Baghdad museum artefacts returned

24 April 2003
Good news emerged on Baghdad's missing antiquities on 23 April, as US officials on the ground reported Iraqis returning looted treasures. Washington faced strong criticism from around the world for its failure to protect Baghdad's National Museum of Antiquities from looters, containing artefacts dating from the beginning of the ancient Sumer civilisation around 3,500 BC to the end of the Abbasid Caliphate in 1258 AD. However, some Iraqis are now handing back treasures. 'I've heard from friends that a number of objects were collected in mosques in the neighbourhood after appeals from the imams of mosques,' said an official serving as adviser to Iraq's culture ministry, quoted in the Washington Post. Museum staff said that other items were removed for safekeeping before the war began.

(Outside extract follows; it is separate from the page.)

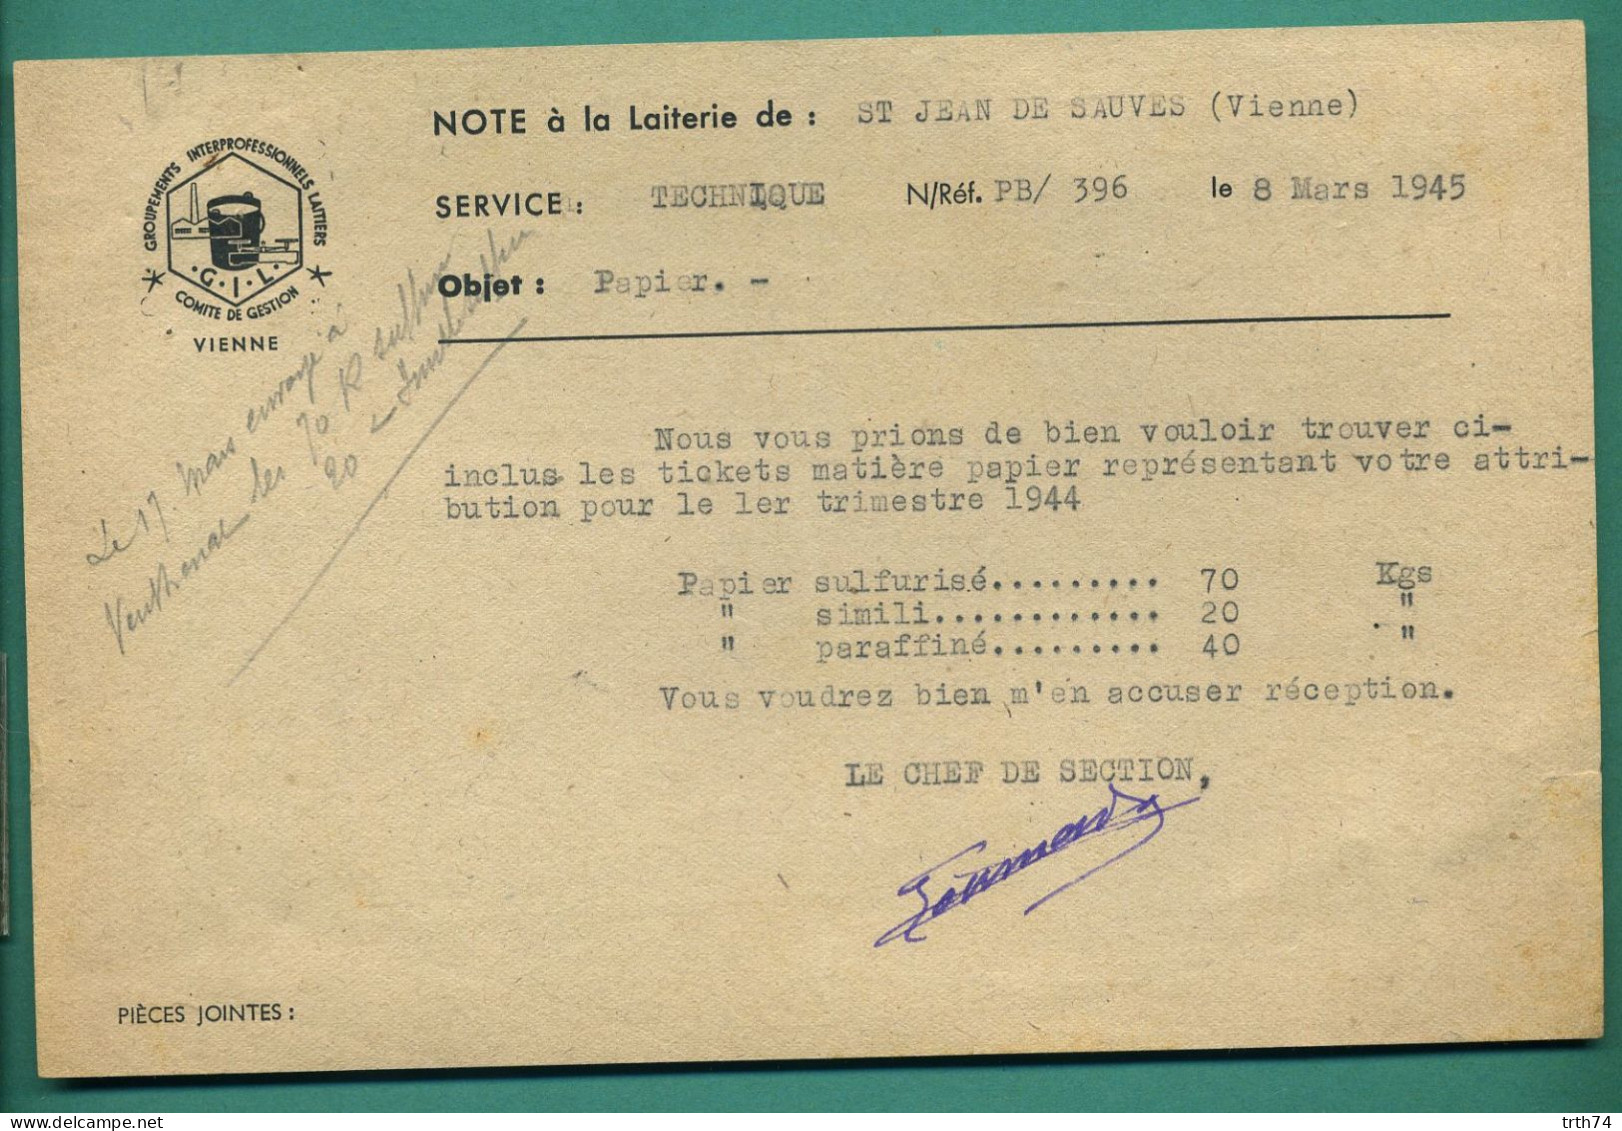 86 Saint Jean De Sauves Groupements Interprofessionnels Laitiers Note à La Laiterie 8 Mars 1945 - Food

However, many items are expected to be smuggled out of Iraq for sale on the international market. Experts deduce from the pattern of items that were taken from the Baghdad museum that the thieves were well-schooled in their potential value. The US FBI announced on 21 April that looted artefacts had begun to surface, with one item from the Baghdad museum seized at an American airport. On 23 April, an engineer with the US' Fox television network was charged with the theft of 12 paintings from a palace belonging to Saddam Hussein's son Uday. A number of other journalists and a soldier are also being investigated. 'These items are not souvenirs or war trophies but stolen goods that belong to the people of Iraq,' deputy secretary of homeland security, Gordon England, told a press conference.